[Records excerpted from a collection]
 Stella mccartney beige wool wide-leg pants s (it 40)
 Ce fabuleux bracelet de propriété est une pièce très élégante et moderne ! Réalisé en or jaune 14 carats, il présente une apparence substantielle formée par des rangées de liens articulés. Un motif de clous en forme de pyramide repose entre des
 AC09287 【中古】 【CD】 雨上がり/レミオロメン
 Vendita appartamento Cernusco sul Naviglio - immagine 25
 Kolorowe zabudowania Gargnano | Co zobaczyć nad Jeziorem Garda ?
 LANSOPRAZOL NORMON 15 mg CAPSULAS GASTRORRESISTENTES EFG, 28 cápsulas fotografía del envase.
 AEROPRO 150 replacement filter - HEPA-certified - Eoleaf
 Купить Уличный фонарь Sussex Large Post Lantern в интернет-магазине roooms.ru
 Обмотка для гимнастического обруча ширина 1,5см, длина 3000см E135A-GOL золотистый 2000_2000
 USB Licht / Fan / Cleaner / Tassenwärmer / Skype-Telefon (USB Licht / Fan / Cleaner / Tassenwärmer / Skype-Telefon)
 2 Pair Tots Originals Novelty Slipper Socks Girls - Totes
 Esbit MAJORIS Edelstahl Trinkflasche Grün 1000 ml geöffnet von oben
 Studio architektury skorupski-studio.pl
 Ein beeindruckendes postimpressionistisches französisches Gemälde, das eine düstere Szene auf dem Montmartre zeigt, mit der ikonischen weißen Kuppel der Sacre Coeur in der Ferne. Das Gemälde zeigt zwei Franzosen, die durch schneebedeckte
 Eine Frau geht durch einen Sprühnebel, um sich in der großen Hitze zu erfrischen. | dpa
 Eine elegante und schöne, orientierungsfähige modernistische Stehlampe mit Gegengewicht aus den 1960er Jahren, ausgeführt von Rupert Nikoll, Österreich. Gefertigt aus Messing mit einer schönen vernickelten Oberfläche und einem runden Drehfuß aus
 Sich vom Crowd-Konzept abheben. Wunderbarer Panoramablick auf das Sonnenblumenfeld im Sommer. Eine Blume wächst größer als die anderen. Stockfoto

* [Exercise goal]
An exact copy of the lines from the one containing "USB Licht / Fan / Cleaner / Tassenwärmer / Skype-Telefon (USB" through the end of the data above is the whole answer.

* [Response box]
 USB Licht / Fan / Cleaner / Tassenwärmer / Skype-Telefon (USB Licht / Fan / Cleaner / Tassenwärmer / Skype-Telefon)
 2 Pair Tots Originals Novelty Slipper Socks Girls - Totes
 Esbit MAJORIS Edelstahl Trinkflasche Grün 1000 ml geöffnet von oben
 Studio architektury skorupski-studio.pl
 Ein beeindruckendes postimpressionistisches französisches Gemälde, das eine düstere Szene auf dem Montmartre zeigt, mit der ikonischen weißen Kuppel der Sacre Coeur in der Ferne. Das Gemälde zeigt zwei Franzosen, die durch schneebedeckte
 Eine Frau geht durch einen Sprühnebel, um sich in der großen Hitze zu erfrischen. | dpa
 Eine elegante und schöne, orientierungsfähige modernistische Stehlampe mit Gegengewicht aus den 1960er Jahren, ausgeführt von Rupert Nikoll, Österreich. Gefertigt aus Messing mit einer schönen vernickelten Oberfläche und einem runden Drehfuß aus
 Sich vom Crowd-Konzept abheben. Wunderbarer Panoramablick auf das Sonnenblumenfeld im Sommer. Eine Blume wächst größer als die anderen. Stockfoto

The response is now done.